Dataset extract:
⟨
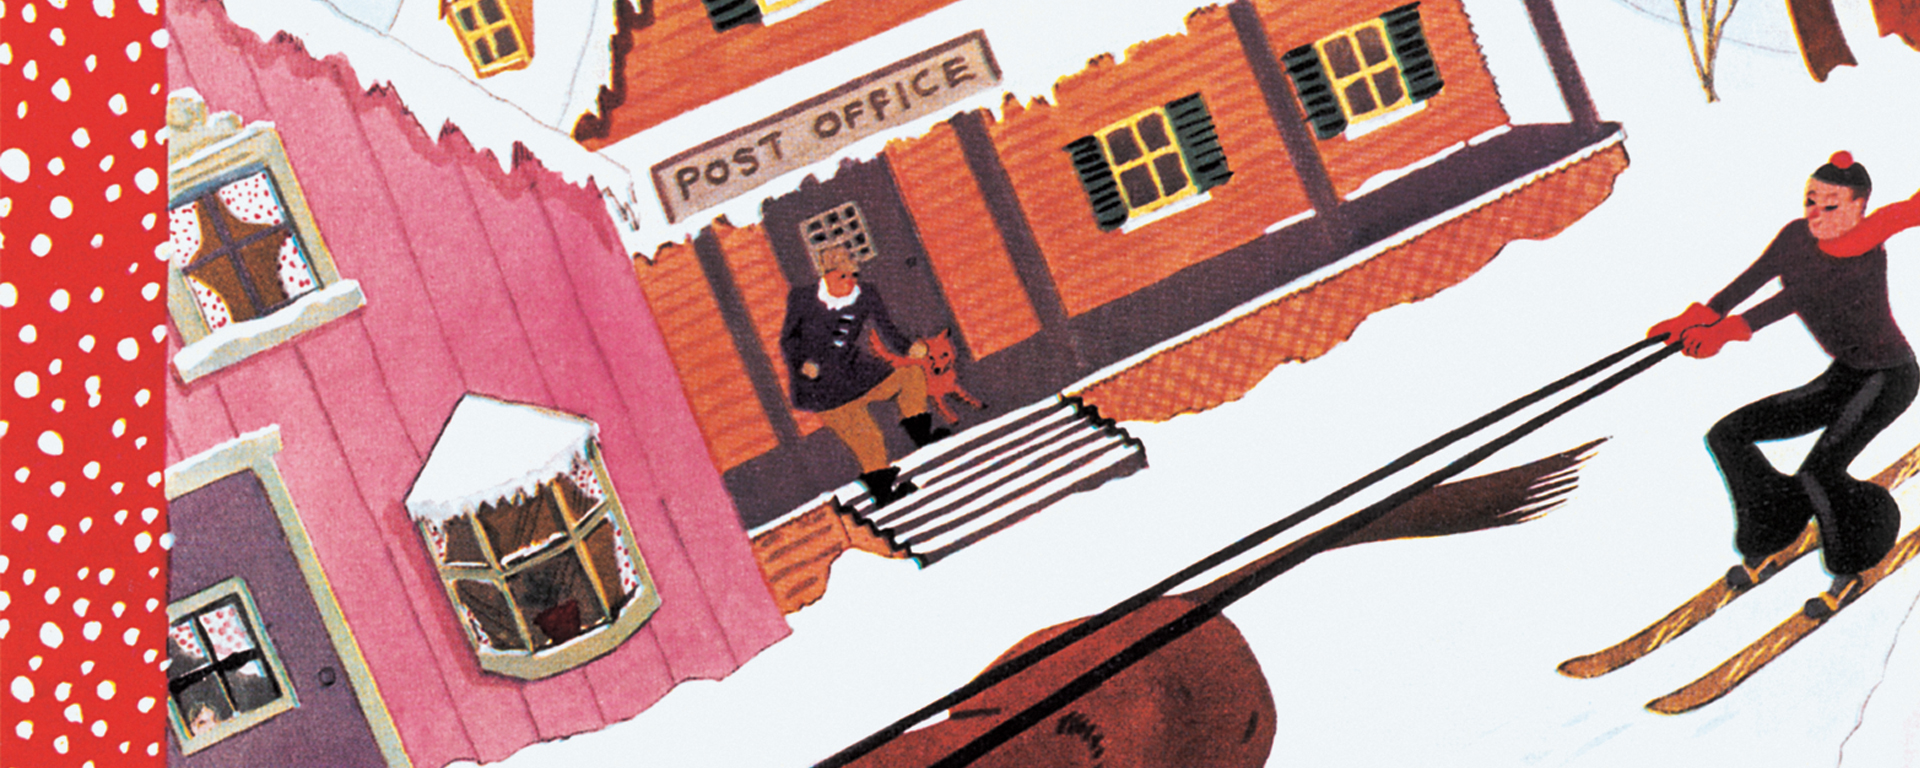 new yorker cover art of horse pulling skier through winter town in front of post office
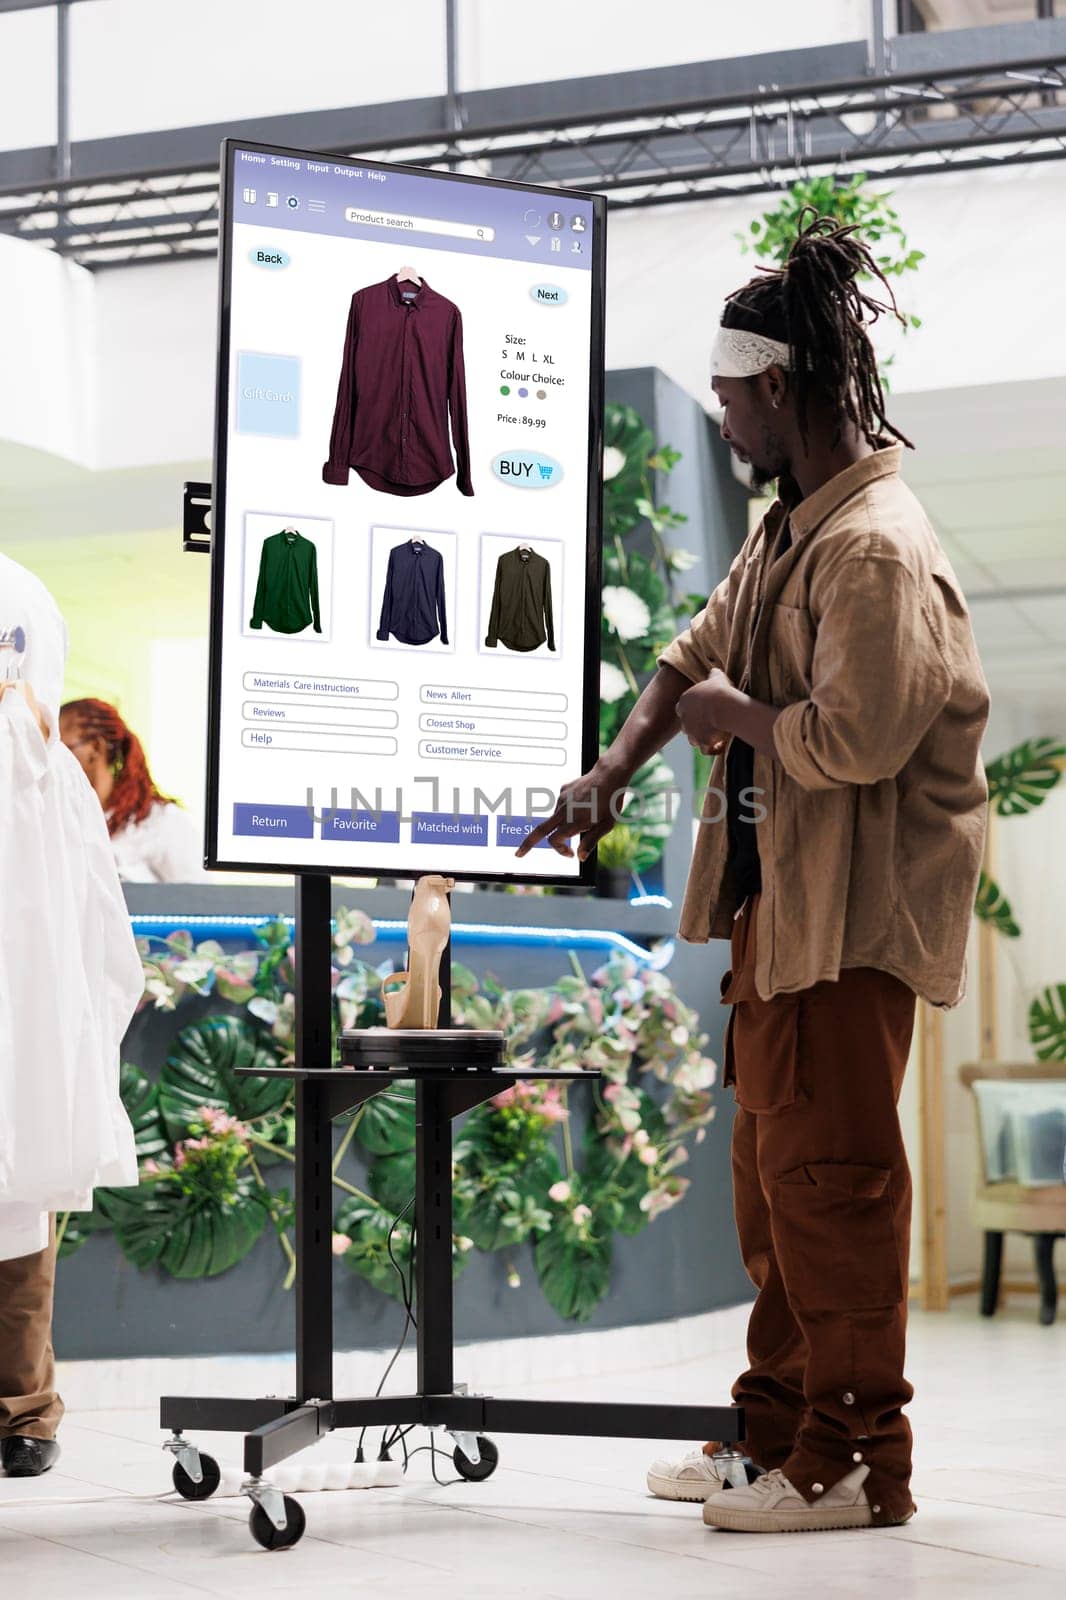 Shopper looks for clothes on monitor by DCStudio
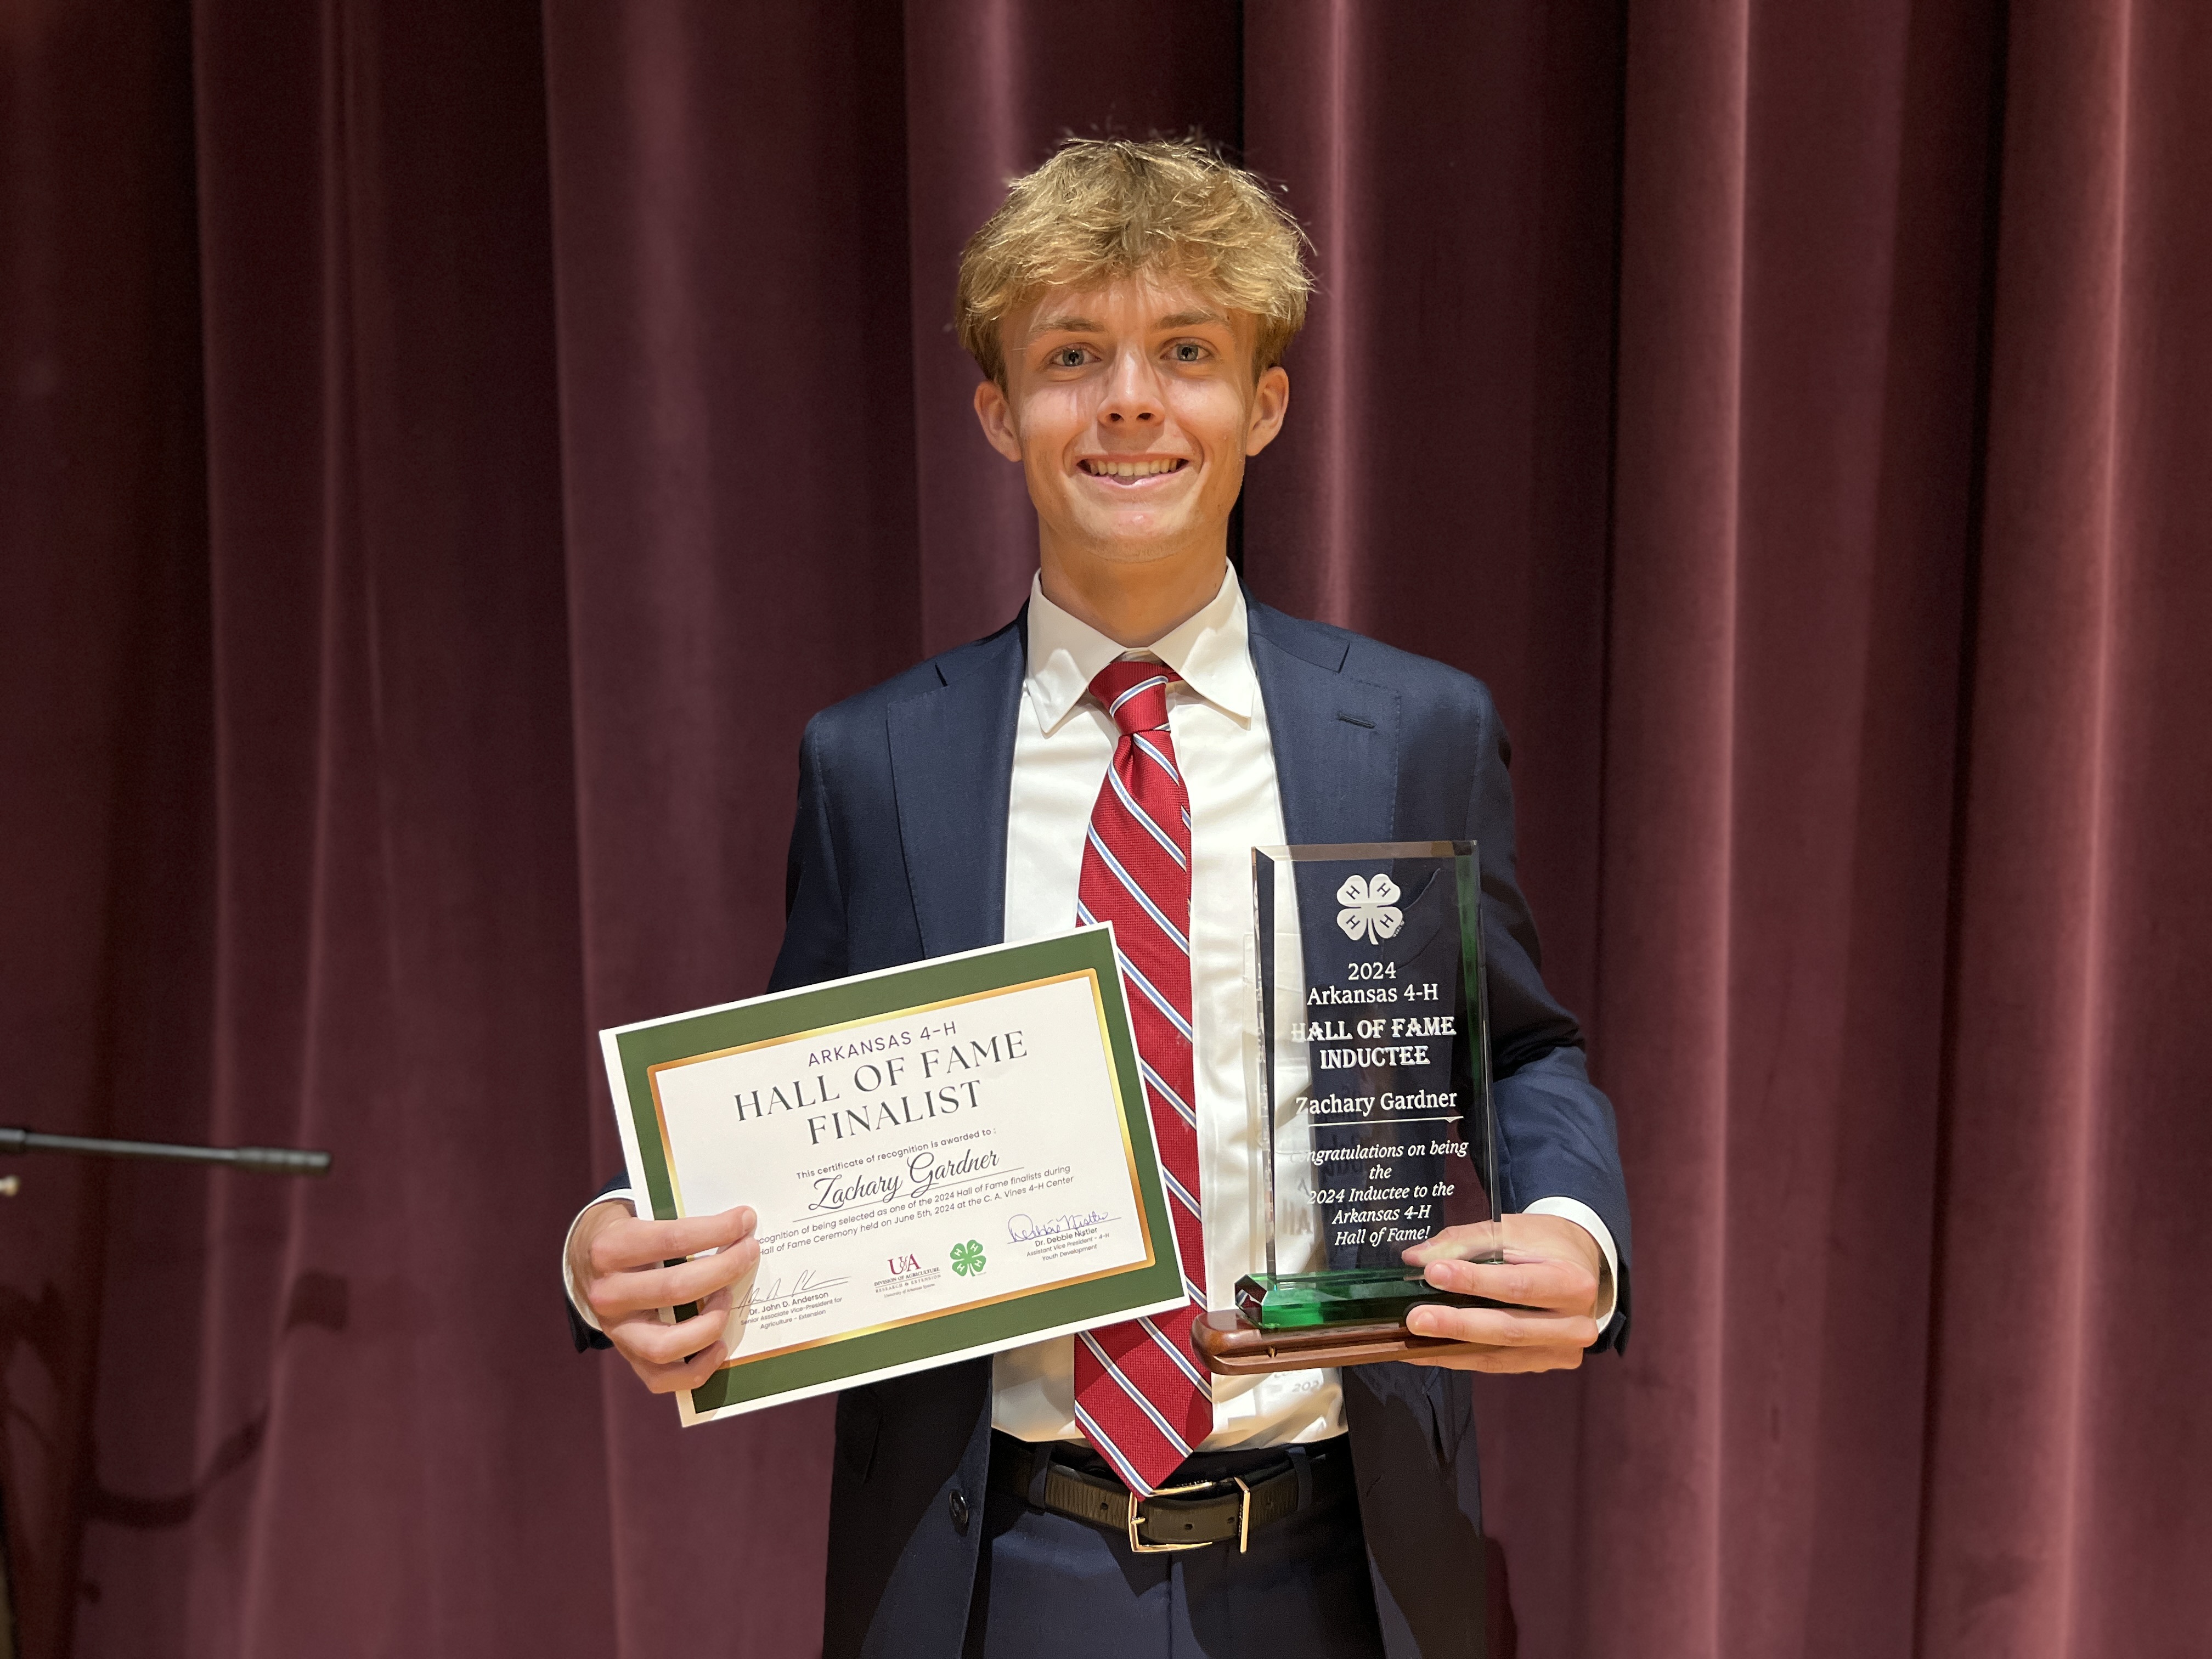 Zach Gardner holding Hall of Fame plaque and certificate
⟩
Omit the pictures, then output the rest of the listing exactly.

Answer to this exercise:
 new yorker cover art of horse pulling skier through winter town in front of post office
 Shopper looks for clothes on monitor by DCStudio
 Zach Gardner holding Hall of Fame plaque and certificate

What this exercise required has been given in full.